# Local 332



## Postman (Aug 13, 2013)

Hello everyone, I am looking to apply for an apprenticeship for San Jose Local 332 on the next application day (October 2nd). I already sent my transcripts over and signed up for the Tech Math Course just to refresh my brain for the aptitude test. Besides the things I have done is there anything else I can be doing to show that I am willing and ready to work my ass off? Any insight into 332's application process would be awesome. Thank you guys I am so anxious to get out of my dead-end retail job, can't wait to get started in this trade!


----------



## HARRY304E (Sep 15, 2010)

Postman said:


> Hello everyone, I am looking to apply for an apprenticeship for San Jose Local 332 on the next application day (October 2nd).

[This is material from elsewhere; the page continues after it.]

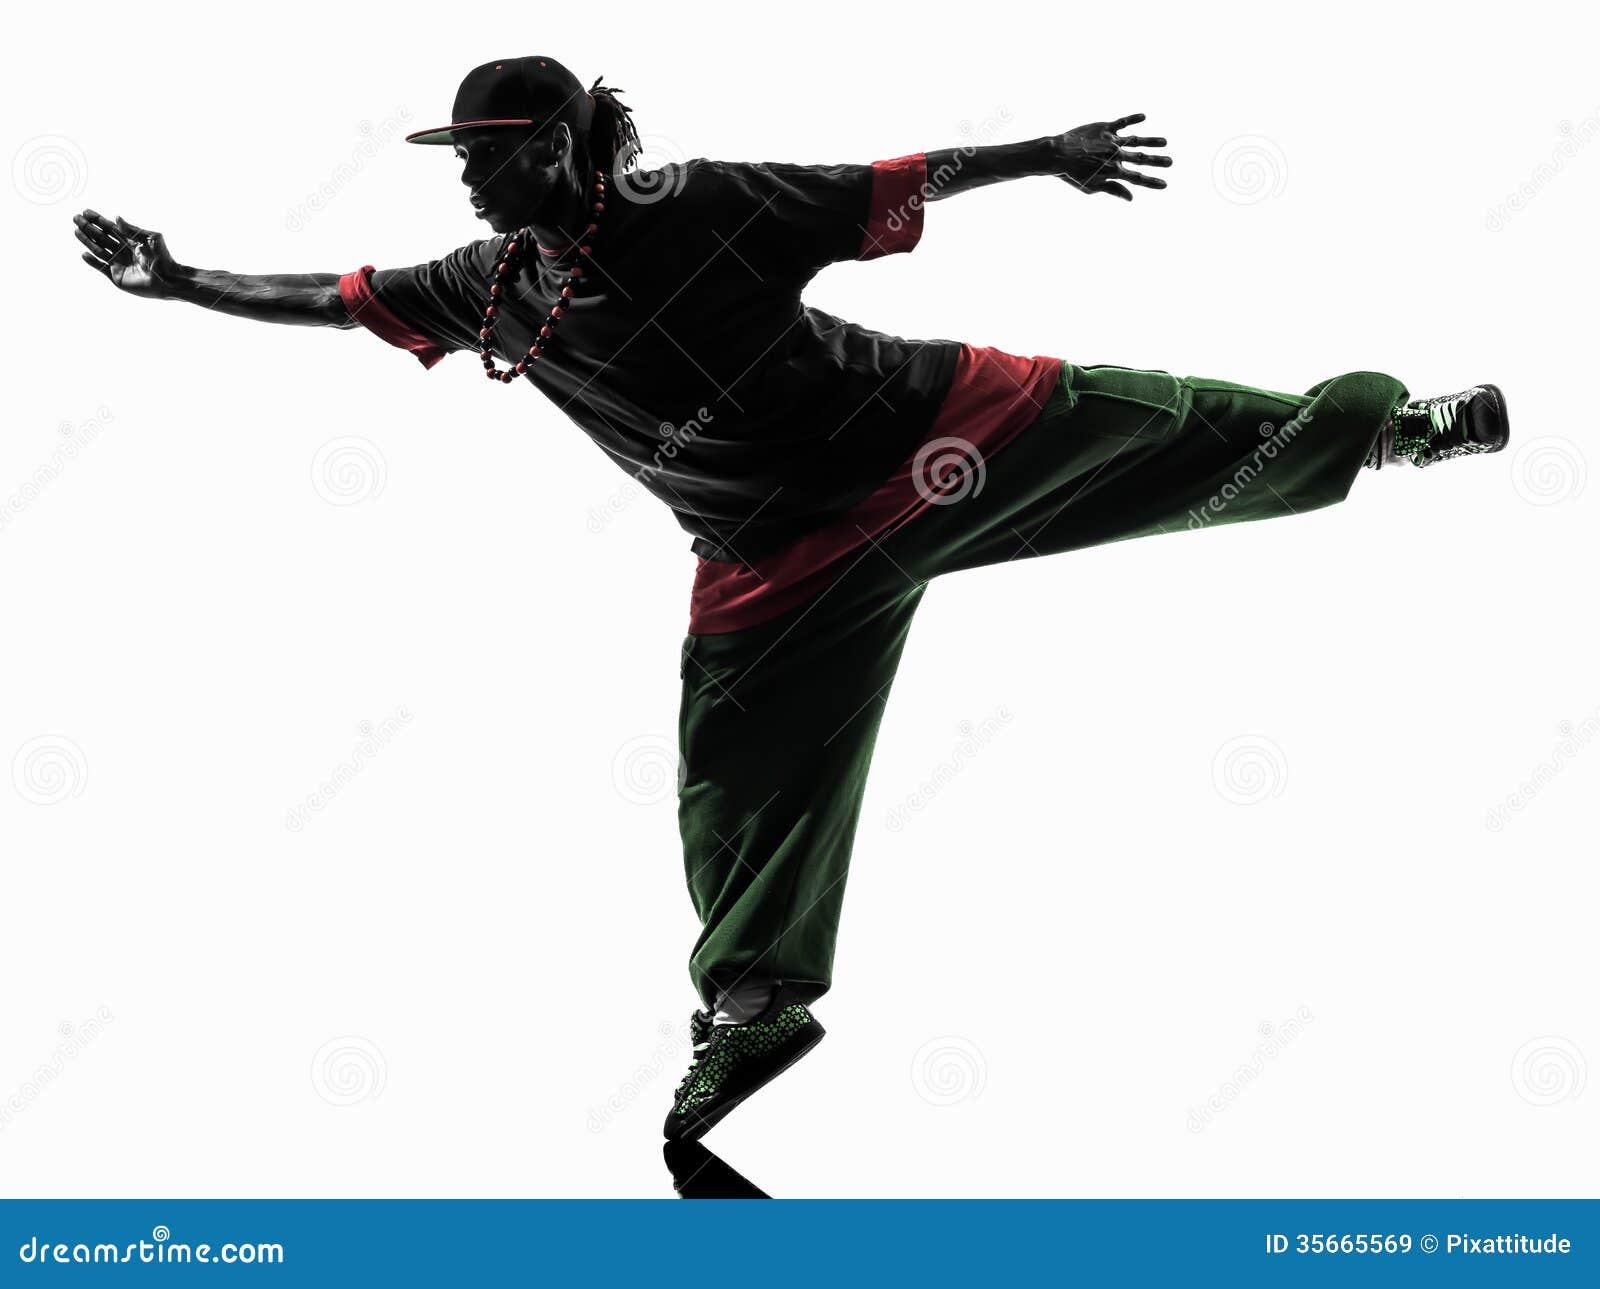 90ae3f48c Royalty-Free Stock Photo. Hip hop acrobatic break dancer breakdancing young  man silhouette

I already sent my transcripts over and signed up for the Tech Math Course just to refresh my brain for the aptitude test. Besides the things I have done is there anything else I can be doing to show that I am willing and ready to work my ass off? Any insight into 332's application process would be awesome. Thank you guys I am so anxious to get out of my dead-end retail job, can't wait to get started in this trade!


Just keep in mind that if you cannot get into the 332 it's not the end of the world,there are many ways to get into the electrical trade so look into those avenues as well.

Read lots of threads here ,read the tool bag thread that will give you and idea about the tools you'll need too.


----------



## uconduit (Jun 6, 2012)

consider applying to 595, 617, 6, & 302 as well. those are fairly close by.

I haven't worked down there in 332 yet but they do have an unusual tool list.


----------



## Postman (Aug 13, 2013)

Thanks for the replies guys. That is definitely advice I will put into action once I apply for 332 and see what comes out of that. This might be a stupid question, but does 332 having an odd tool list mean that I may need a bit more experience in a more standard setting before working with them?


----------



## uconduit (Jun 6, 2012)

Postman said:


> Thanks for the replies guys. That is definitely advice I will put into action once I apply for 332 and see what comes out of that. This might be a stupid question, but does 332 having an odd tool list mean that I may need a bit more experience in a more standard setting before working with them?


no it means that if you 'graduate' from an apprenticeship in another local union 'territory' and then decide to 'register' in different, non-home 'territories', you might just find 332s tool list to be somewhat unusual. I don't believe that any local requires any previous electrical knowledge so don't worry about that at all.

The business has its own jargon and internally we use different words than 'graduate', 'register', etc. I'm just trying to speak as plainly as possible.


----------



## ibuzzard (Dec 28, 2008)

There's really nothing additional you can do prior to the interview - other than having people give you mock interviews and grading or coaching you. If you can find anyone who is involved in hiring at their job, and they are willing, ask them to help you. Don't sweat it just yet. Good luck.


----------